In Response To The Caveman Diet
Thanks to one blogger's experiment with eating like our Paleolithic ancestors, the "Caveman Diet" has resurfaced. Over at Atlantic Life, Alesh Houdek describes how, after several weeks of eating nothing but meat, vegetables, nuts, eggs and fish, he lost weight and found himself feeling more energetic. One of the issues with the Paleo diet, as the author himself points out, is that it's dangerously similar to the Atkins Diet. Only, instead of avoiding bread and pasta because they're full of carbs, the dieter is meant to avoid these foods because they did not exist back when man ate only what he could hunt and gather. Theoretically, this is how we are "supposed" to eat, what our bodies are designed to digest.
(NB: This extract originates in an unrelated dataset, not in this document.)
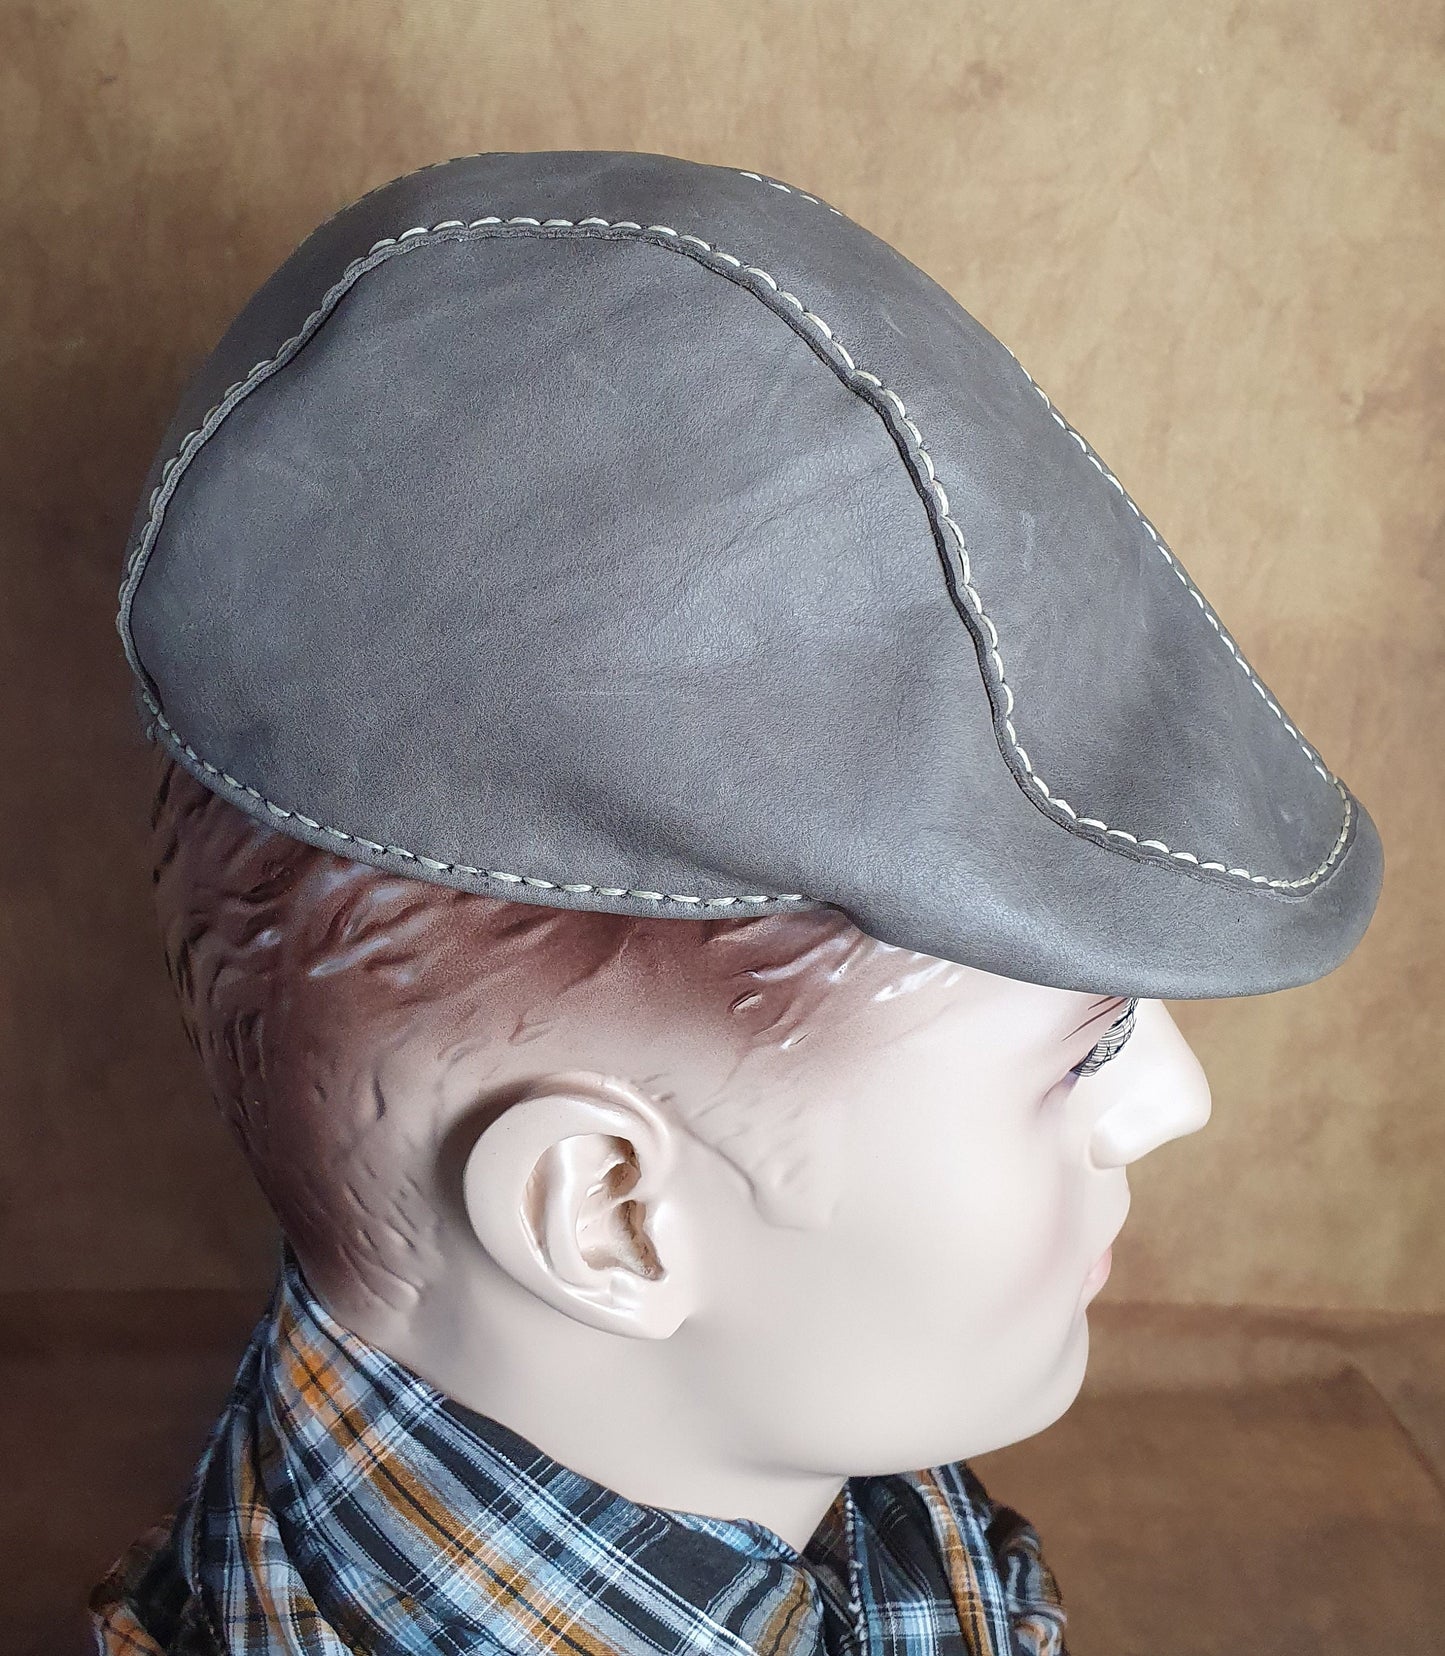 Handgemaakte Lierys Vintage Modderbruine Kafsleer Flat Cap, stijlvolle pet, natuurlijk leer - Unisex hoed

Never mind the prickly questions of butter, salt and other cooking accoutrements. (Surely, cavemen didn't season their food and dairy is a no-no because it involves raising livestock, which is decidedly post-Paleo. And no booze? Nuts — and berries — to that.) The real problem with these protein-packed diets is that they require dieters to eat a lot to stave off hunger. In an era when we all know we should be eating less meat because the emissions associated with its production are killing the planet, it's counterintuitive to turn to a diet that will require you to eat tons of it to stay full. But I digress.
I conducted a little experiment of my own recently. I spent a month in Italy, during which time I resolved not restrict my diet at all. I ate like Italians, which involved daily doses of pasta, gelato and Negronis, much to my delight. Naturally, the pasta, always freshly made by some Italian mama or papa, came in "primi" portions — smaller than your average American pasta portion, but often big enough to not require "secondi." And afternoon ice cream cones came with just two small scoops. Gelato, unlike American ice cream, is made with whole milk instead of cream, and less sugar, which results is as much as two-thirds less fat than ice cream. Negronis usually clock in at roughly 160-190 calories. I often had two.
I'm not really in need of a weight-loss program, but I am a woman living in New York City and so I'm at least somewhat preoccupied with my weight. I've been known to gain six pounds after a single excessive meal. After a month of the Italian diet, I lost two. Not exactly a triumph of weight loss worthy of before-and-after photos, but who knows what I could have accomplished after two or three months of eating this way? Or if I'd added more exercise than hiking to the espresso bar everyday to the equation? Buon giorno, skinny jeans.
Time and again, research has shown that portion control and moderation are the most viable paths to weight loss. (I wrote the "Knack Calorie Counter Cookbook" a couple years ago, so I should know.) I'm not suggesting that daily portions of pasta and ice cream will make you thin; only that eating a in a sane and balanced way will keep you healthy and happy. And any diet that deprives its practitioners of aperitivo is truly barbaric.